Patishtán sort de l’hôpital de Tuxtla au Chiapas et est transporté à l’aéroport.
La famille n’a pas été informée du lieu de destination mais un des gardiens a dit qu’ils l’emmenaient "là où il voulait", ce qui laisse supposer qu’il s’agit de la ville de México.*
Hermann Bellinghausen, envoyé
Publié : le 03/10/2012 20:17
Journal : La Jornada
San Cristóbal de las Casas, Chiapas. La ministre Olga Sanchez Cordero de la Cour Suprême de Justice de la Nation (SCJN) a accepté aujourd’hui d’étudier le cas d’Alberto Patishtán Gómez, prisonnier indigène de l’Autre Campagne au Chiapas, afin de présenter prochainement son analyse à la Première Salle de la Cour. C’est cette dernière qui statuera sur la recevabilité de la procédure de reconnaissance d’innocence présentée en septembre par la défense légale du condamné, laquelle demande que l’instance assume la compétence originaire que lui attribue l’article 561 du Code Fédéral de Procédures Pénales, pour traiter la dite procédure.
Dans le même temps, la famille de Patishtán Gómez a indiqué qu’aujourd’hui, vers 17 heures, Alberto a été transporté en ambulance de l’hôpital Vida Mejor de Tuxtla Gutiérrez vers l’aéroport Ángel Albino Corzo. La famille de Patishtán n’a pas été avertie de sa destination, mais l’un des gardiens a dit qu’ils l’emmenaient « là où il voulait ». Cela laisse supposer qu’il s’agit d’un transfert vers la ville de Mexico.

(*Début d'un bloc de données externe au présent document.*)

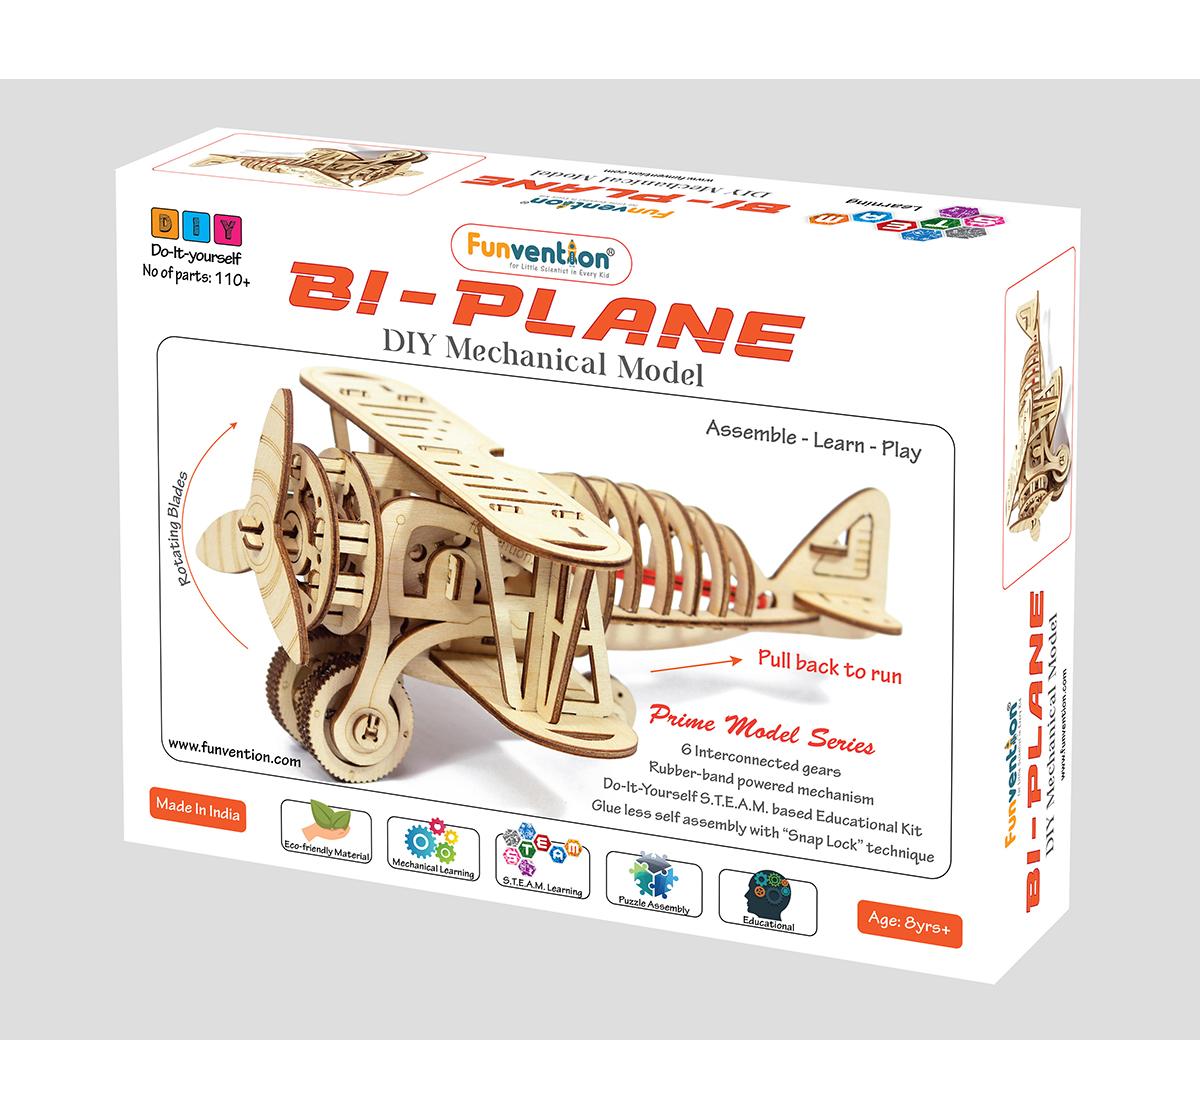 Funvention | Funvention Bi-Plane - Diy Mechanical Model (Prime Series) Stem for Kids Age 8Y+
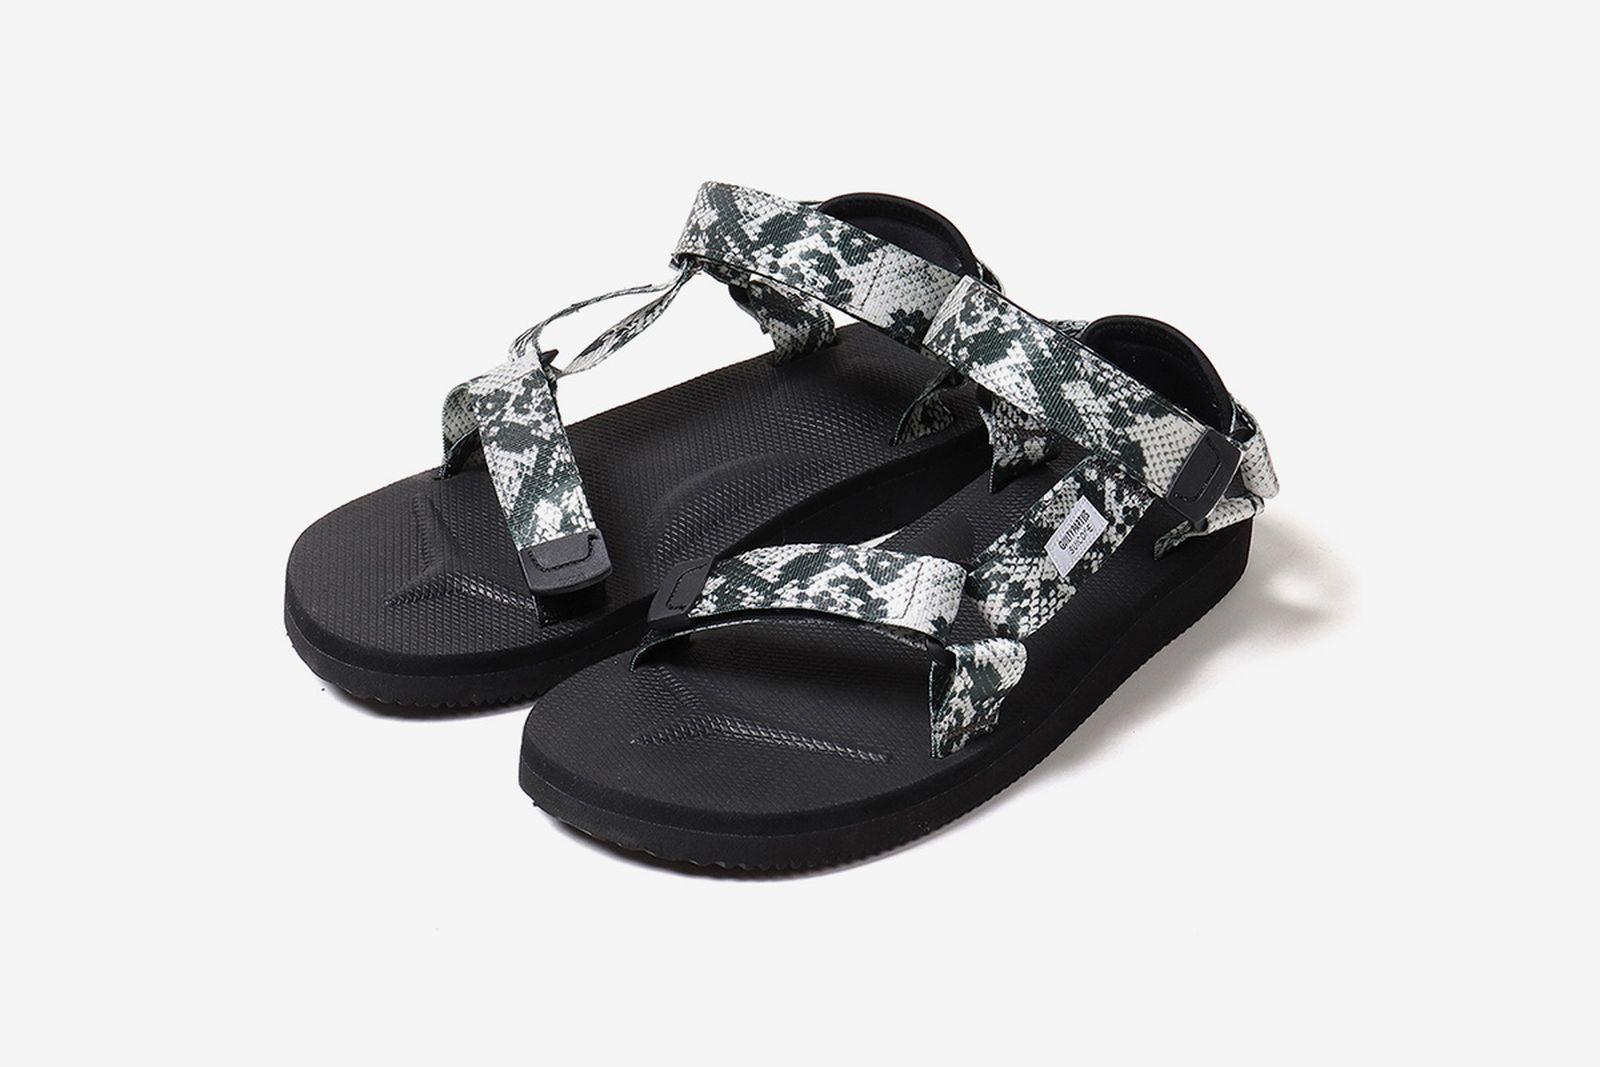 wacko-maria-suicoke-sandals-release-date-price-03

Ces derniers jours, le professeur indigène lui-même, a exprimé dans unelettre aux autorités gouvernementales, son refus d’être soigné à l’hôpital de Tuxtla au Chiapas où, durant une précédente hospitalisation en 2010, il n’avait pas reçu l’attention médicale adéquate et où un diagnostic erroné avait été donné. Par contre, il a demandé à être soigné à l’Institut Nationale de Neurologie “Manuel Velasco Suárez”, pour une tumeur cérébrale qui a progressivement affecté sa vision jusqu’à aujourd’hui, où il est presque aveugle.
Patishtán, qui s’est converti en un important prisonnier de conscience et défenseur des droits humains au sein des prisons du Chiapas, a déjà passé 12 ans en prison en purgeant une peine de 60 ans, accusé d’avoir participé au meurtre de six policiers de l’Etat et d’un policier municipal sur la route Simojovel – el Bosque en juin 2000.
Convaincus de son innocence, divers collectifs et organisations sociales du Mexique et de nombreux pays, ont demandé sa libération, de même que des personnalités telles que Pablo González Casanova, Luis Villoro, John Berger et Raúl Zibechi.
* Nous venons d’apprendre par la famille d’Alberto Patishtán, qu’il se trouve hospitalisé à l’Institut Nationale de Neurologie “Manuel Velasco Suárez”, dans la ville de Mexico. Son opération chirurgicale aura lieu ce lundi 8 octobre à 10 heures, la famille demande que nous restions attentifs.